²Department of Biochemistry and Immunology, Federal University of Minas Gerais, Belo Horizonte, MG, Brazil

³Department of Pathology, Federal University of Minas Gerais, Belo Horizonte, MG, Brazil

⁴Escola Paulista de Medicina, São Paulo, SP, Brazil

⁵Max Delbruck Center for Molecular Medicine, Berlin, Germany

author email corresponding author email

Journal of Neuroinflammation 2008, 5:49doi:10.1186/1742-2094-5-49


Published:	5 November 2008

Abstract

Background

Kinins are important mediators of inflammation and act through stimulation of two receptor subtypes, B₁and B₂. Leukocyte infiltration contributes to the pathogenesis of autoimmune inflammation in the central nervous system (CNS), occurring not only in multiple sclerosis (MS) but also in experimental autoimmune encephalomyelitis (EAE). We have previously shown that the chemokines CCL2 and CCL5 play an important role in the adhesion of leukocytes to the brain microcirculation in EAE. The aim of the present study was to evaluate the relevance of B₂receptors to leukocyte-endothelium interactions in the cerebral microcirculation, and its participation in CNS inflammation in the experimental model of myelin-oligodendrocyte-glycoprotein (MOG)_35–55-induced EAE in mice.

Methods

In order to evaluate the role of B2 receptor in the cerebral microvasculature we used wild-type (WT) and kinin B2 receptor knockout (B₂^-/-) mice subjected to MOG_35–55-induced EAE. Intravital microscopy was used to investigate leukocyte recruitment on pial matter vessels in B₂^-/-and WT EAE mice.

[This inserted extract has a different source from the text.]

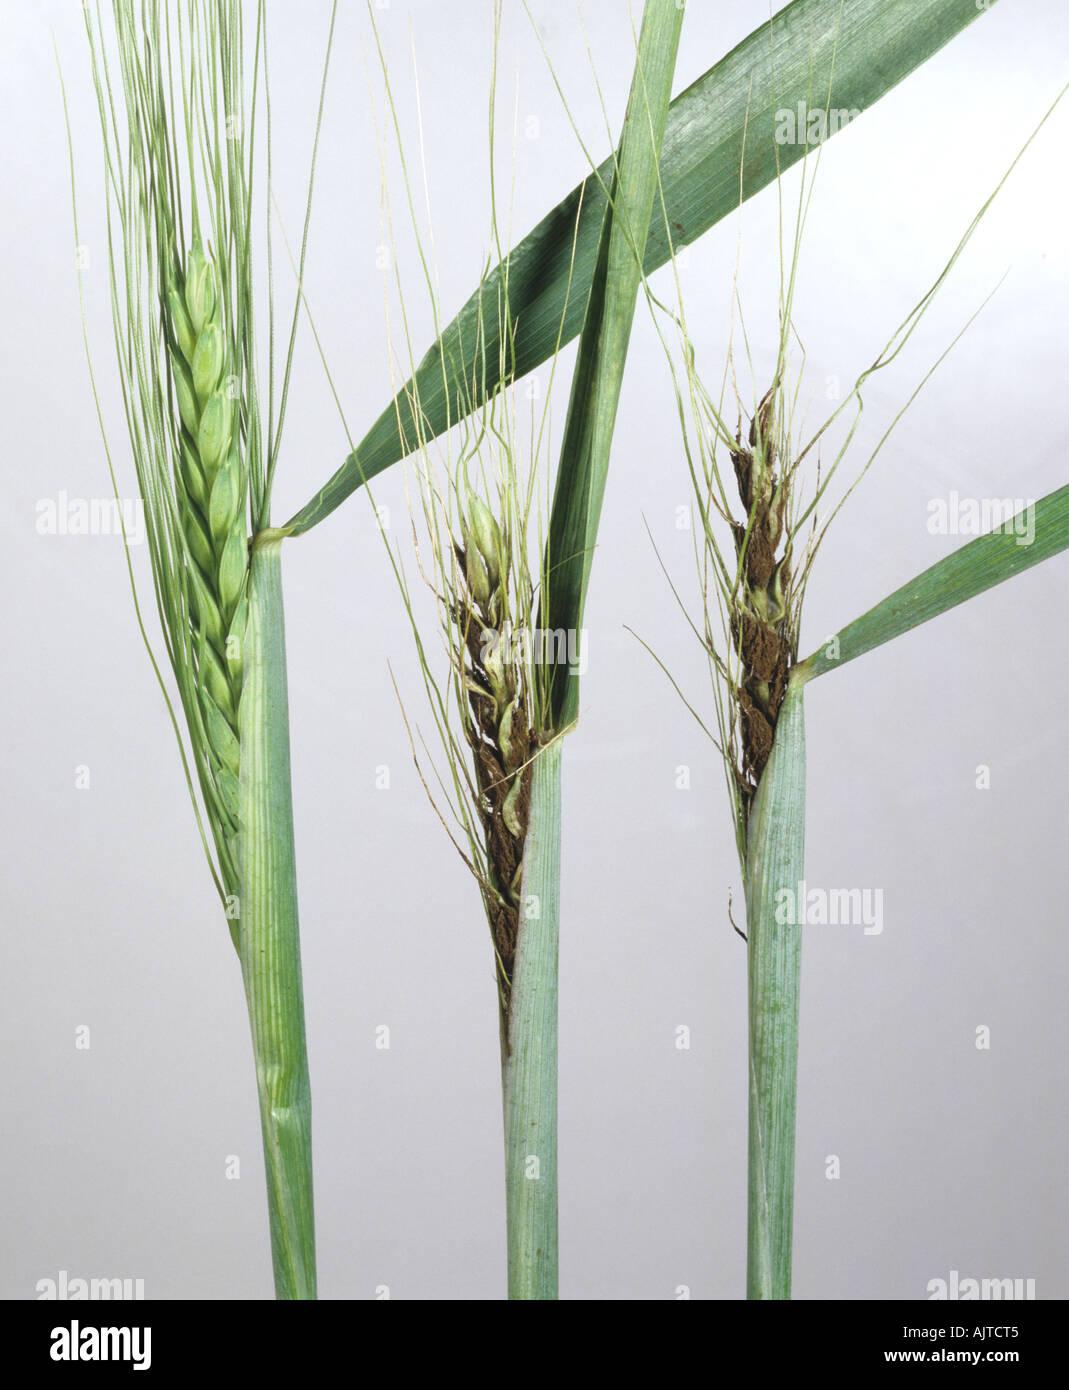 Loose smut Ustilago nuda on bearded wheat ears - Stock Image
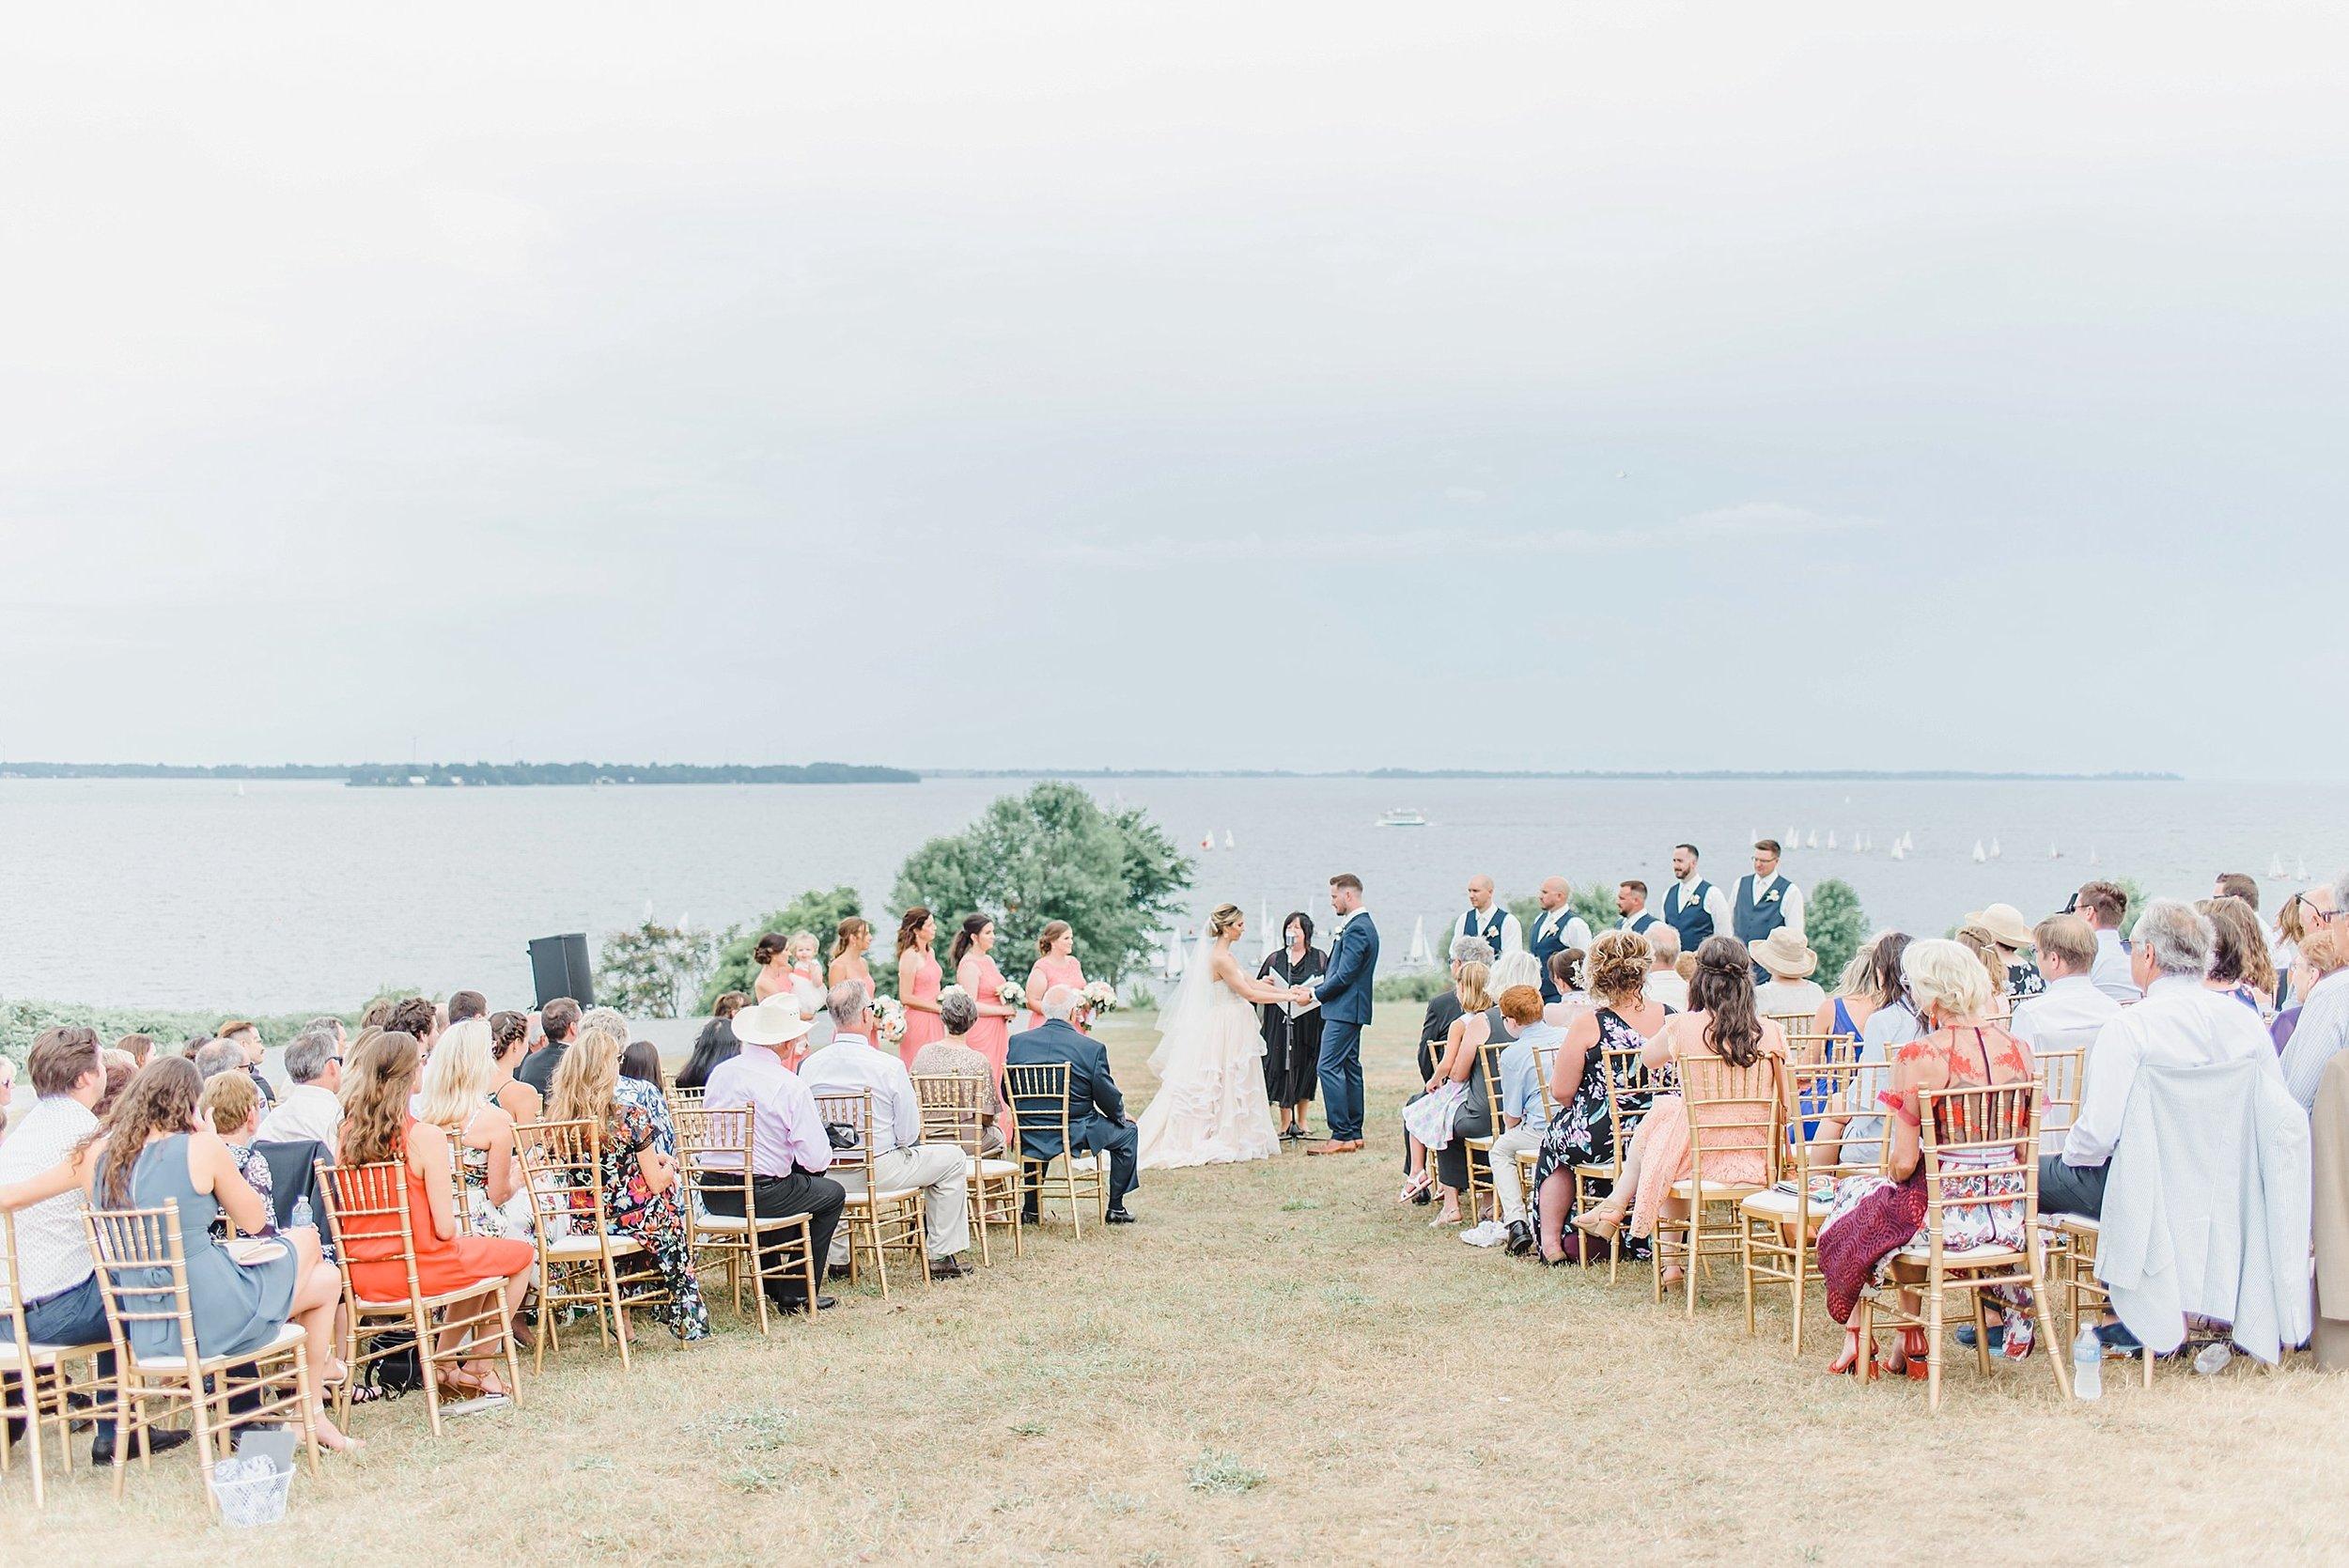 light airy indie fine art ottawa wedding photographer | Ali and Batoul Photography_0183.jpg

Histological documentation of inflammatory infiltrates in brain and spinal cords was correlated with intravital findings. The expression of CCL5 and CCL2 in cerebral tissue was assessed by ELISA.

Results

Clinical parameters of disease were reduced in B₂^-/-mice in comparison to wild type EAE mice. At day 14 after EAE induction, there was a significant decrease in the number of adherent leukocytes, a reduction of cerebral CCL5 and CCL2 expressions, and smaller inflammatory and degenerative changes in B₂^-/-mice when compared to WT.

Conclusion

Our results suggest that B₂receptors have two major effects in the control of EAE severity: (i) B₂regulates the expression of chemokines, including CCL2 and CCL5, and (ii) B₂modulates leukocyte recruitment and inflammatory lesions in the CNS.